Predicting human activity of House A
Predicting human activity of House A
DRHC compared to representation learning techniques (class-F1 vs. instance-F1 scores)
In our algorithm dissimilarity representations are derived to use when clustering misclassified instances from a baseline classifier. The effectiveness of dissimilarity representations depends on the selection of prototypes; i.e., whether the prototypes are representative of the datasets. We have employed clustering algorithms to select the centroids of each cluster as prototypes, which can be affected by the amount of training data being used. If there exists small size of training data, then the prototypes might not be representative, which can impact on the dissimilarity representation.
A plausible alternative approach would be to use standard unsupervised representation learning techniques to form the clusters. Our experiments suggest that this is always an inferior alternative, leading to statistically significantly inferior predictive performance in 30 of 30 tests (with the same ensemble classifier being used for each comparison). This (i) indicates that dissimilarity representations are crucial to the performance of predictors of subtle and infrequent activities, and (ii) provides strong evidence for the utility of DRHC as a proven advantage over existing alternatives.
However, difference between dissimilarity representations and normal feature representations is not significant, and we reject our hypothesis that the dissimilarity representation is more effective in distinguishing subtle differences between classes. This is mainly due to the effectiveness of identified prototypes. The problem remains of how to best to separate prototypes when we have activities that activate the same set of sensors, with the difference in their sensor distribution being almost undetectably small. Such subtle differences can challenge prototype selection. Future investigations include the design and evaluation of prototype selection and distance metrics to better represent and separate subtle difference in these distributions.
In this paper, we present a new technique based on dissimilarity representation, which leverages a multi-phase, hierarchical ensemble in recognising minority and subtle activities. A sequence of comprehensive empirical evaluation and comparison demonstrates that (i) this is a challenging task where existing structure- and feature-based learning techniques do not perform well in general, and (ii) our DRHC algorithm constitutes a significant improvement on existing methods. The key novelty of our approach is that we reduce the bias of the ensemble classifier by training it on a subspace of data with less noise so that the classifier could learn from minority activities and hence reliably identify well-discriminating features.
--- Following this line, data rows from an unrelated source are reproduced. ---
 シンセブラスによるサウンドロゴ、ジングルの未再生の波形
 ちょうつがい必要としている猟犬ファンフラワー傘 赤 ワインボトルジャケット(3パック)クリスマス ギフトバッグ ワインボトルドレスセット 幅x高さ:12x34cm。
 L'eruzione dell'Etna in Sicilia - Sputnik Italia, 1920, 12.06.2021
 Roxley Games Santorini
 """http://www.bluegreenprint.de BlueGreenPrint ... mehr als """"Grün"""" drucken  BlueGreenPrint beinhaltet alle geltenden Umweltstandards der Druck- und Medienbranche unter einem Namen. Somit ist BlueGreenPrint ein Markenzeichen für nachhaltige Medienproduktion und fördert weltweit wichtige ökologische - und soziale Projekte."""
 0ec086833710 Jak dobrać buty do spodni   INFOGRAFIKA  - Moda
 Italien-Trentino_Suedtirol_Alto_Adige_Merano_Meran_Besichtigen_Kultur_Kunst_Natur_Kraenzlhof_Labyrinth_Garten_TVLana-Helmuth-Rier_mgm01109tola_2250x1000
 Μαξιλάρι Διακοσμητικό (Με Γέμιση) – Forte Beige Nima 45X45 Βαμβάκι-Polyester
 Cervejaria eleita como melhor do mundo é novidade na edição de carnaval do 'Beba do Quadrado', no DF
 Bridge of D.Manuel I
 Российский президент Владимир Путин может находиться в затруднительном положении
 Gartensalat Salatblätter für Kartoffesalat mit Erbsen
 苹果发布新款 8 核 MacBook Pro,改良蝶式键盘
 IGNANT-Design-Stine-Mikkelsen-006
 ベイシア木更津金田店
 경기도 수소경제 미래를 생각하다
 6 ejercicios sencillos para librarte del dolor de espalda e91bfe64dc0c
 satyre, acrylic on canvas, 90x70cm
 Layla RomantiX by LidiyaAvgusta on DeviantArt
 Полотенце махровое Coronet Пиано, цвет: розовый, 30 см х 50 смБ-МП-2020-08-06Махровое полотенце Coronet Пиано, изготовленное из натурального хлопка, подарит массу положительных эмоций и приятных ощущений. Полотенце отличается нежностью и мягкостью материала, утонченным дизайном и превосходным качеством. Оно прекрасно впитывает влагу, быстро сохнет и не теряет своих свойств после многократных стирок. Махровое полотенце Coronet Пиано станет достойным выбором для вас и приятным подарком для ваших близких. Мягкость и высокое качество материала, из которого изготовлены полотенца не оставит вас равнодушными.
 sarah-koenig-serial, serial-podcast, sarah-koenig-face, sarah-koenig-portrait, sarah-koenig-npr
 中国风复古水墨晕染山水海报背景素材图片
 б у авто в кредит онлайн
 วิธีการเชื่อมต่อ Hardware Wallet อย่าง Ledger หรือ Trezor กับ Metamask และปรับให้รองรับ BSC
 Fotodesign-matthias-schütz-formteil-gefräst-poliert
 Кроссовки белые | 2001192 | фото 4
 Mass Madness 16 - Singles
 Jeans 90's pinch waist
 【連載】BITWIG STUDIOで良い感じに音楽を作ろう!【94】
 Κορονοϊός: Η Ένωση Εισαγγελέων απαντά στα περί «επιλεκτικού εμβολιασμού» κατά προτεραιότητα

The problem remains of how to best to separate prototypes when we have activities that fire the same set of sensors, with the difference in their sensor distribution being almost undetectably small. Such subtle differences cannot be captured by the baseline classifiers we have employed to date. Future investigations include the design and evaluation of prototype selection and distance metrics to better represent and separate subtle difference in these distributions. So far, we have only considered static sensor data (e.g. doors opening and closing; motion sensors firing; lights turning on and off; etc). Recent developments in wearable technologies such as smart watches also allow collection of accelerometer data. These data would also contain subtle and minority activities, and we speculate that dissimilarity representation based classification of combined static and mobile data will be useful in the future accurate detection of important events in the ageing population. Also to demonstrate the generality of DRHC, we will further evaluate DRHC with other feature extraction techniques [18].